### WHAT THE EXERCISE ASKS
Below are the records; give again exactly the lines from the one containing "medium resolution of" through the one containing "Snowman - Winter Photo (13347588) - Fanpop", leaving out pictures.

TASK MATERIAL Start Marker

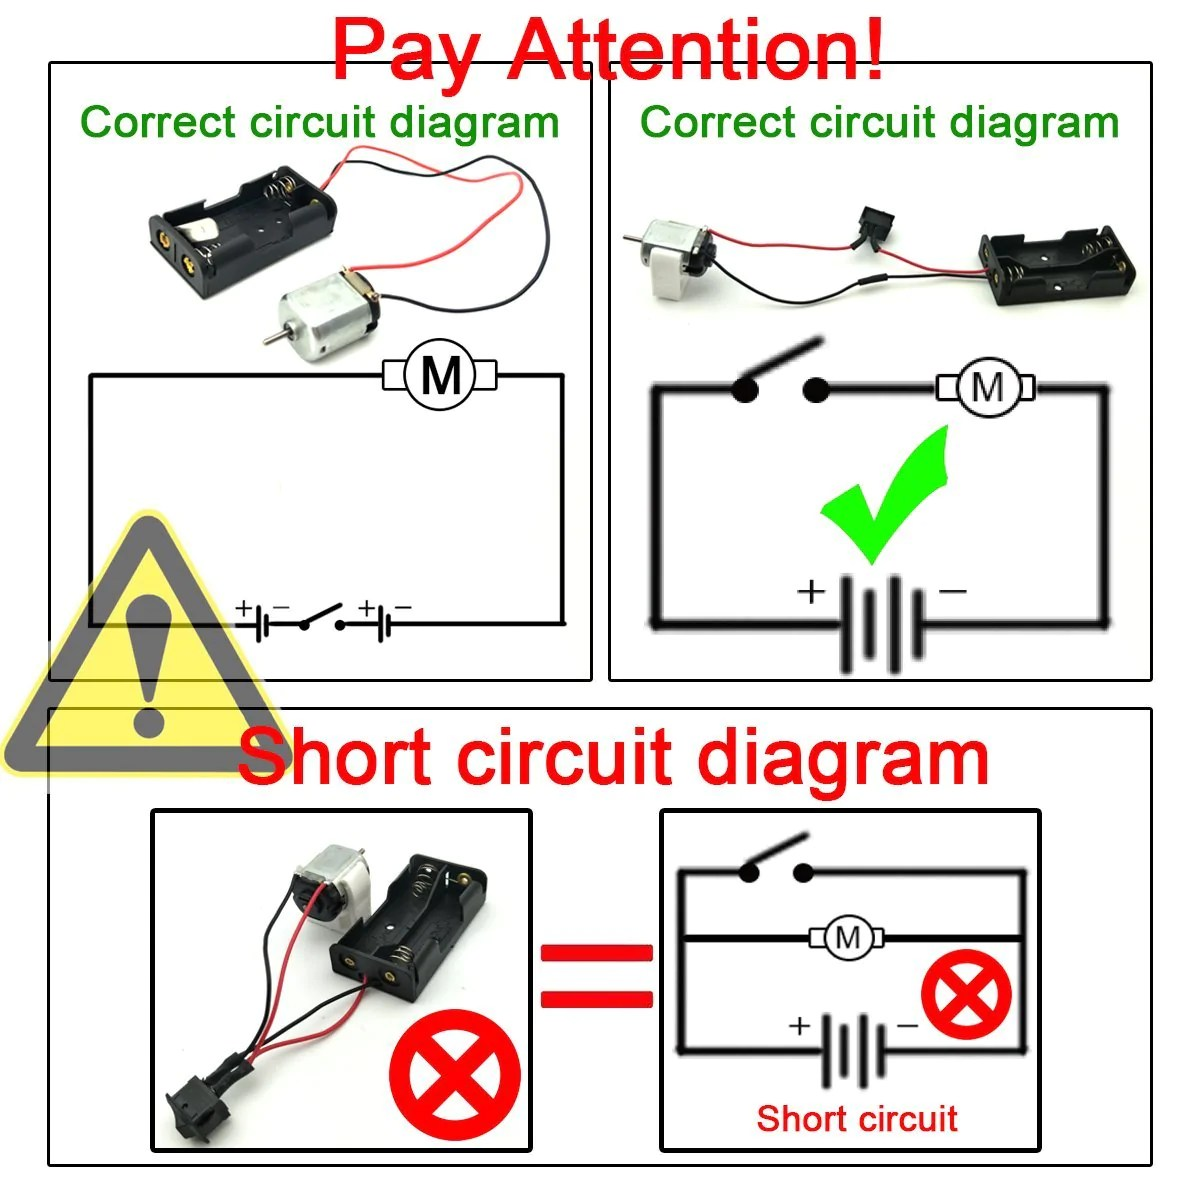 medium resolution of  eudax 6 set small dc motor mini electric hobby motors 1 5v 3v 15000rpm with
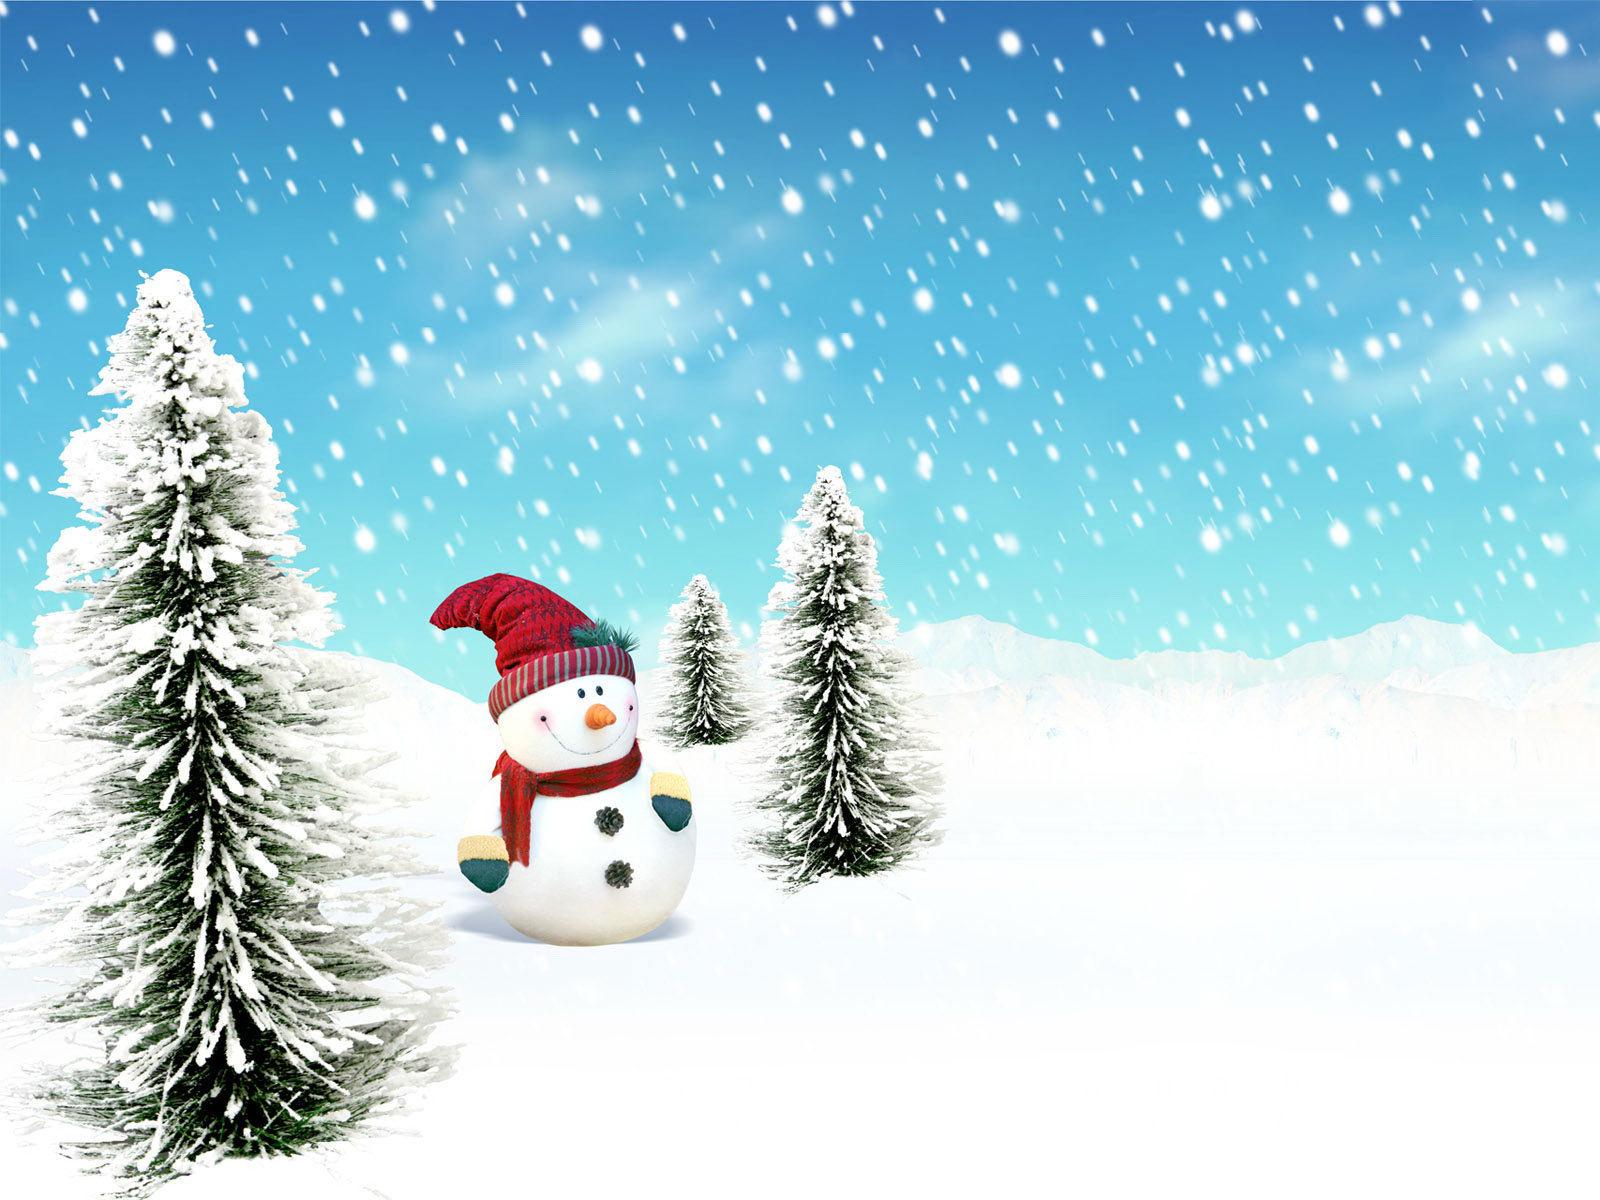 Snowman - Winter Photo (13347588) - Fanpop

TASK MATERIAL End Marker
TASK MATERIAL Start Marker

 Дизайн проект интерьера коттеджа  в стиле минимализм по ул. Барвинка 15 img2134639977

TASK MATERIAL End Marker

### REPLY TO THE EXERCISE
 medium resolution of  eudax 6 set small dc motor mini electric hobby motors 1 5v 3v 15000rpm with
 Snowman - Winter Photo (13347588) - Fanpop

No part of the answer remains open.